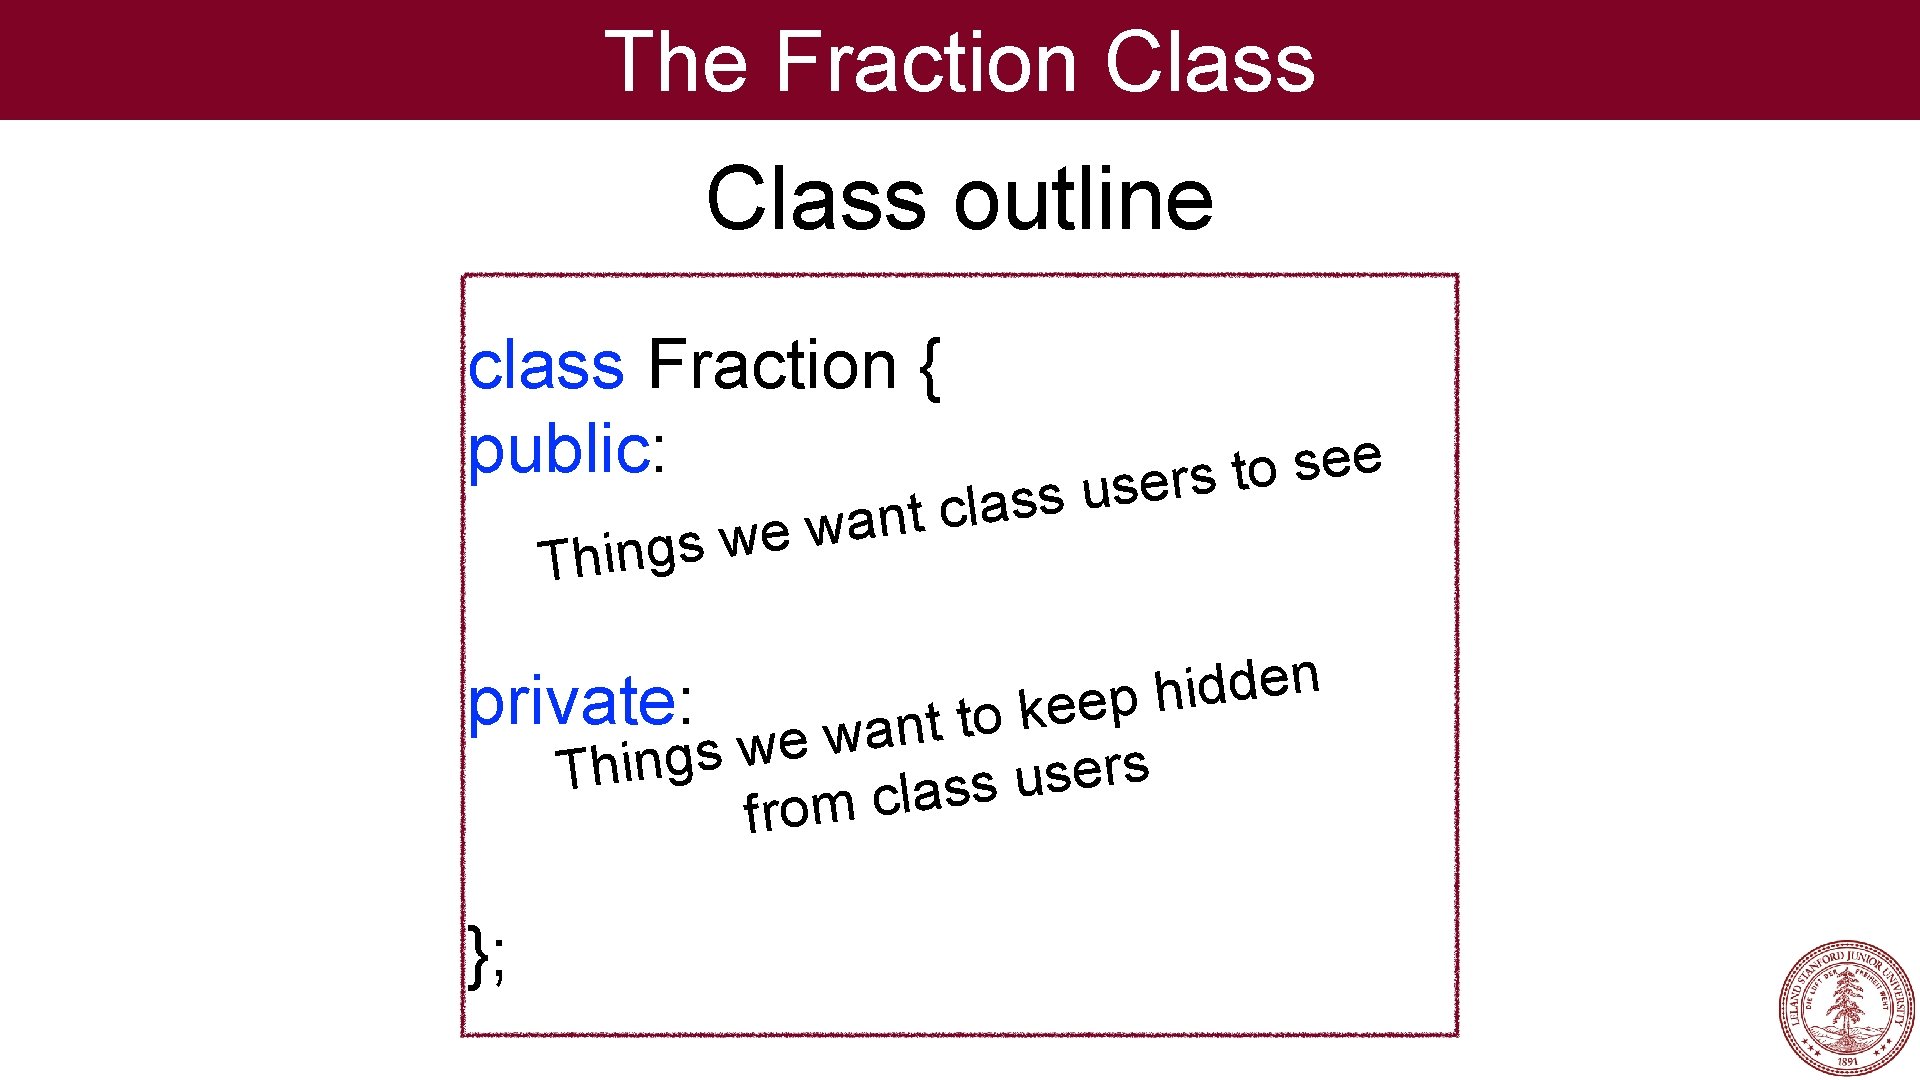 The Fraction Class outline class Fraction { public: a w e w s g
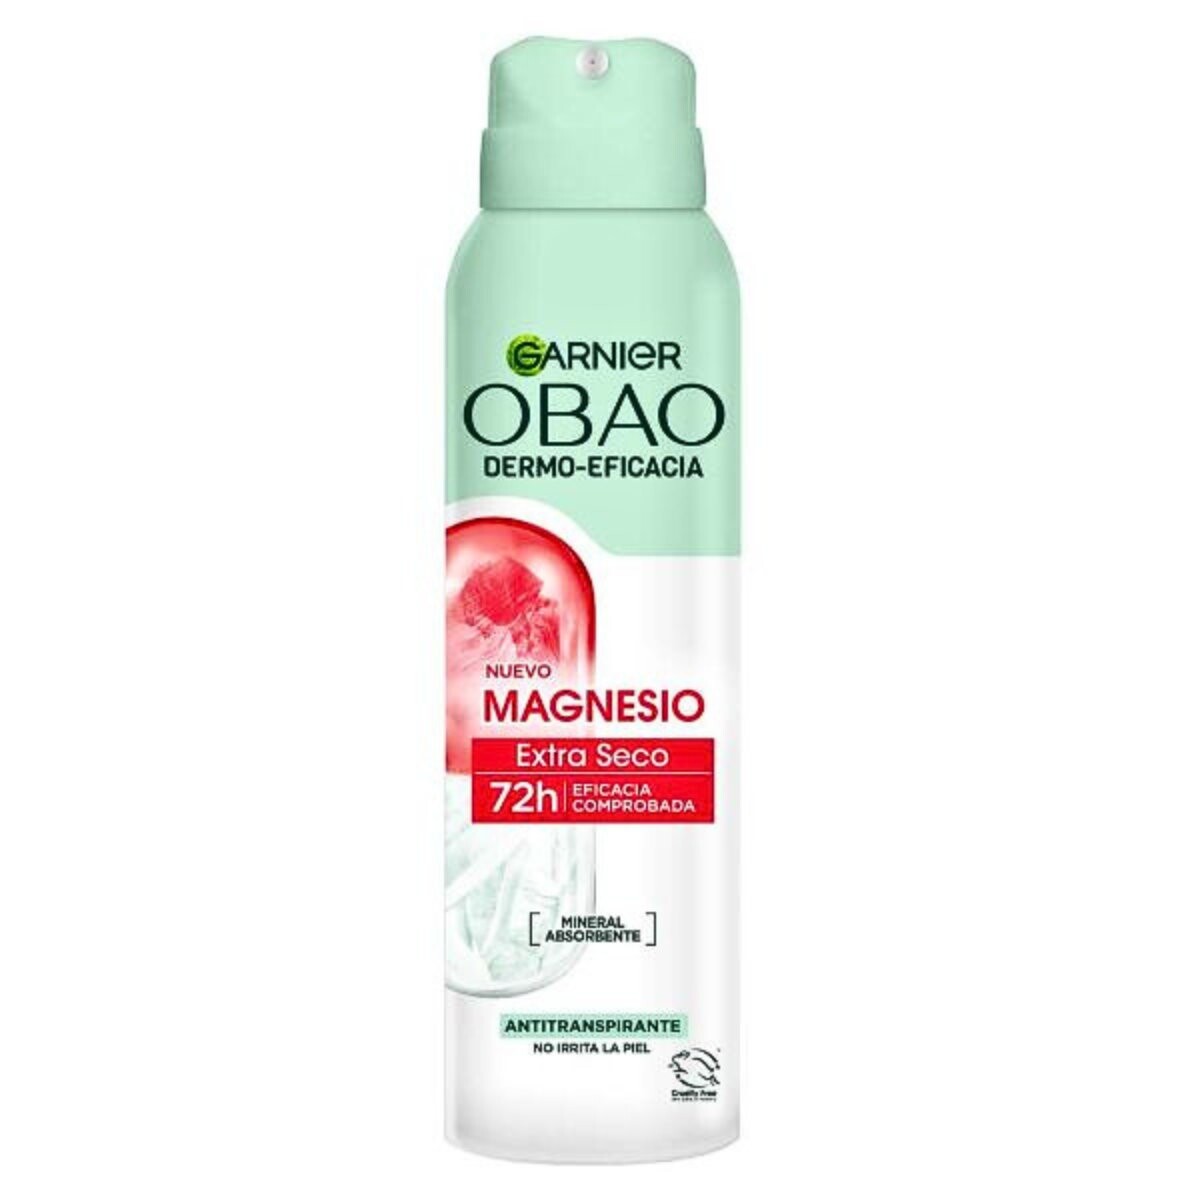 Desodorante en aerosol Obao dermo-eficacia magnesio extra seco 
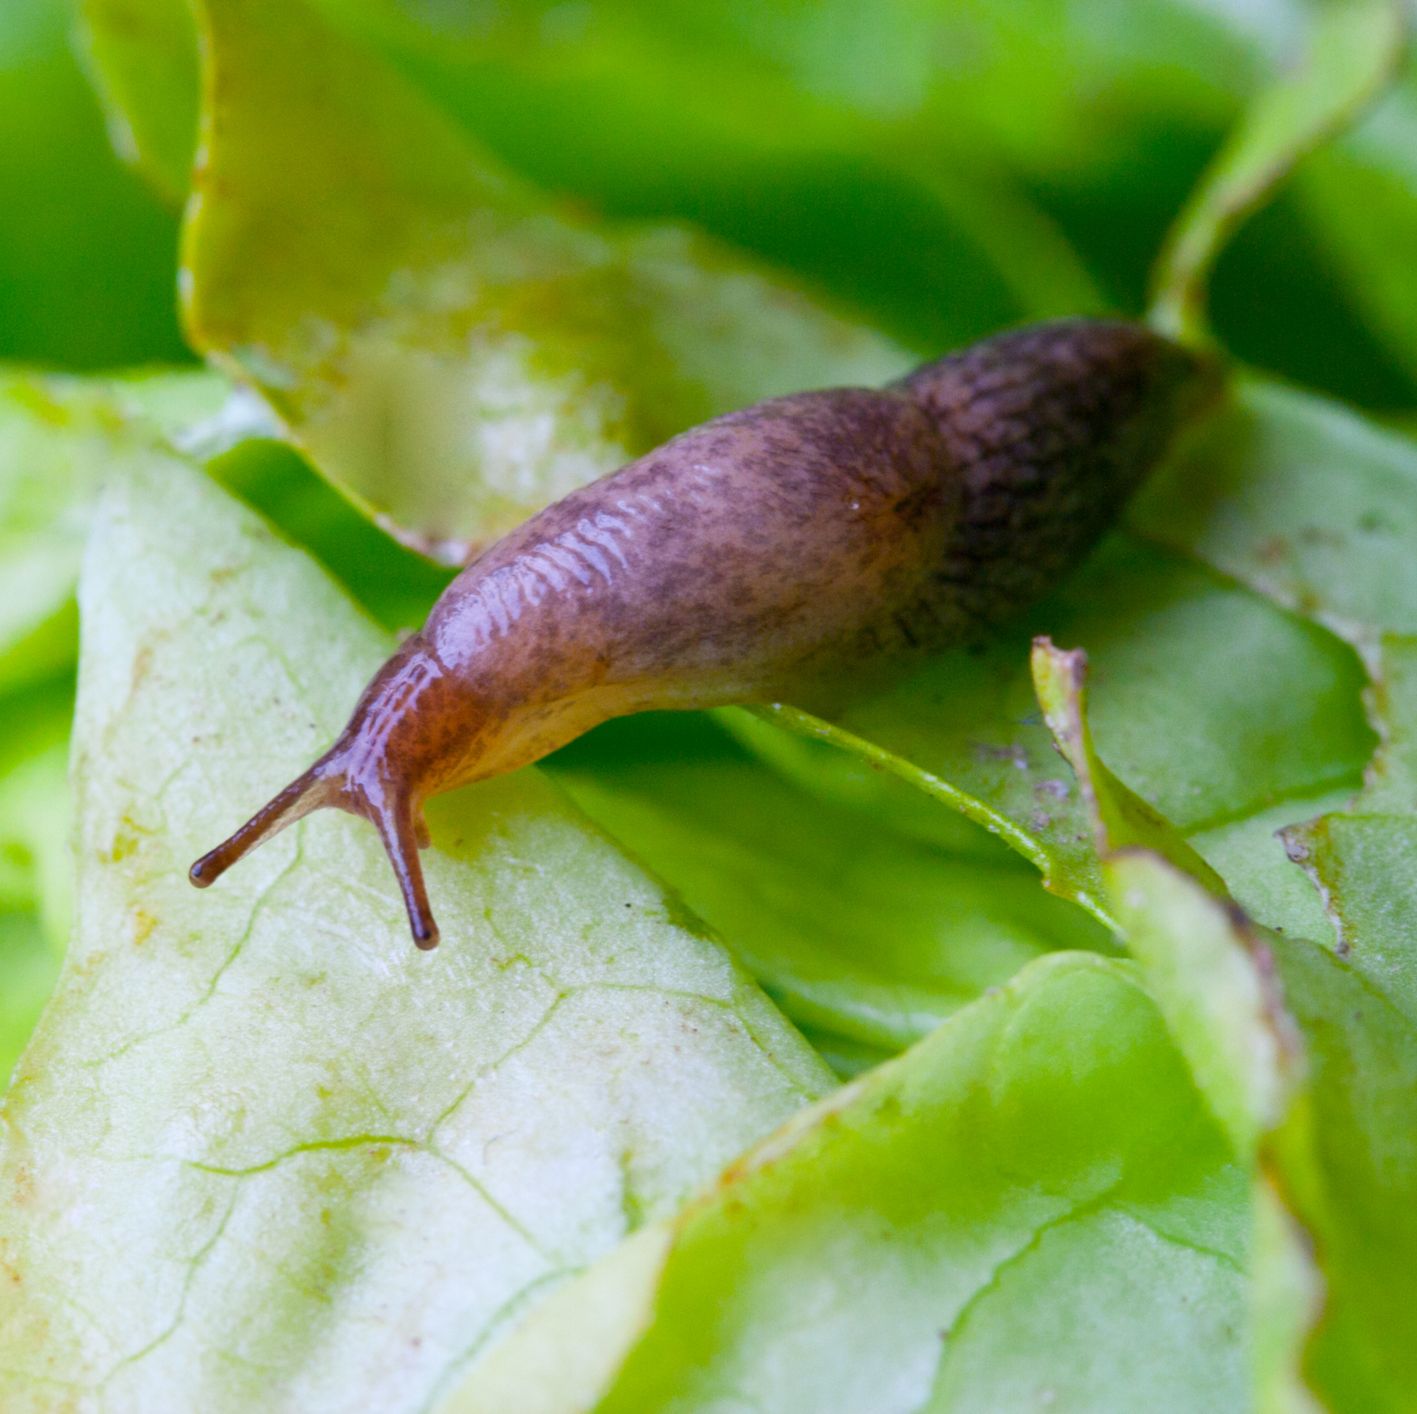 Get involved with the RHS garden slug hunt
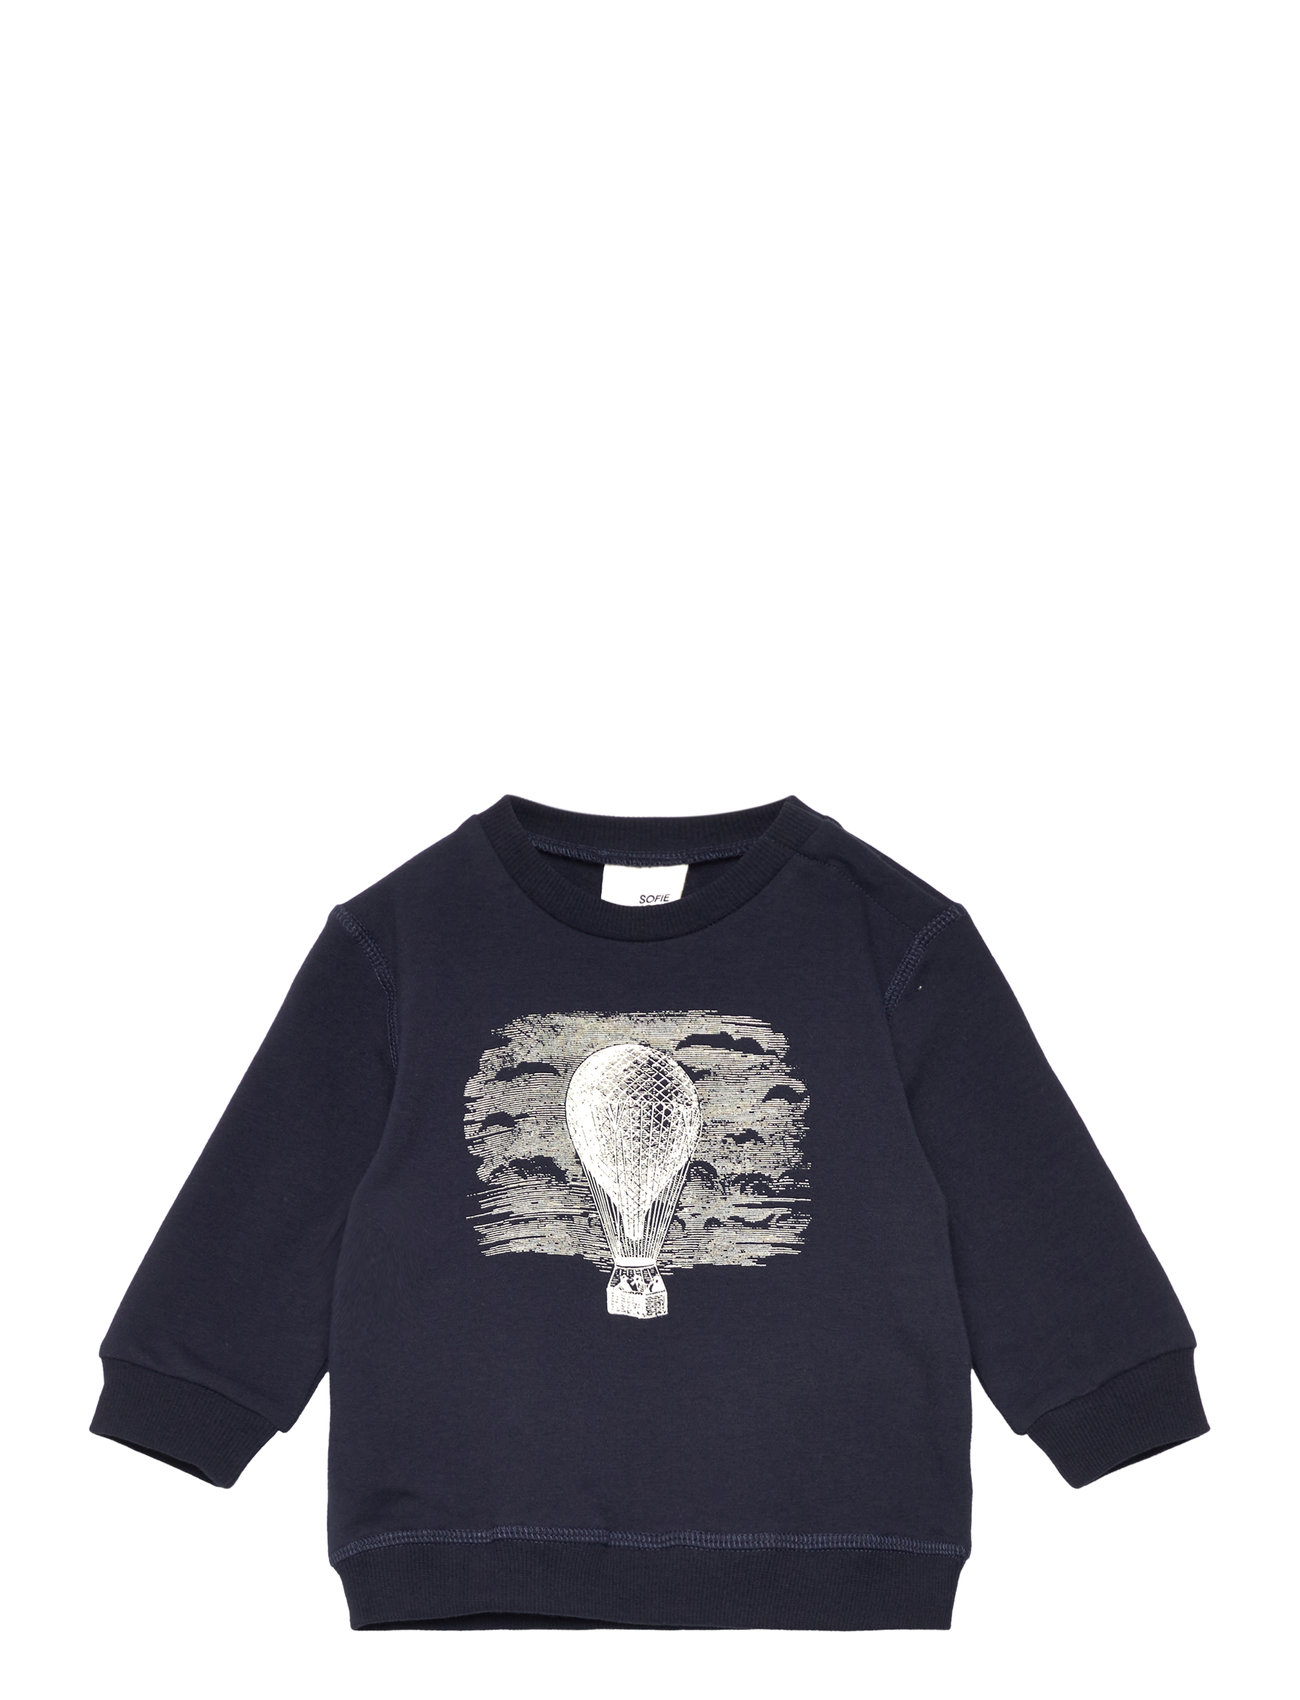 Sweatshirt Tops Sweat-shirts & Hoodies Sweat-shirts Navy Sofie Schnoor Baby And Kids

──────

■ EXERCISE INSTRUCTIONS: Retype the data shown above exactly, excluding any picture it contains.

■ OUTPUT:
 The Fraction Class outline class Fraction { public: a w e w s g
 Desodorante en aerosol Obao dermo-eficacia magnesio extra seco 
 Get involved with the RHS garden slug hunt
 Sweatshirt Tops Sweat-shirts & Hoodies Sweat-shirts Navy Sofie Schnoor Baby And Kids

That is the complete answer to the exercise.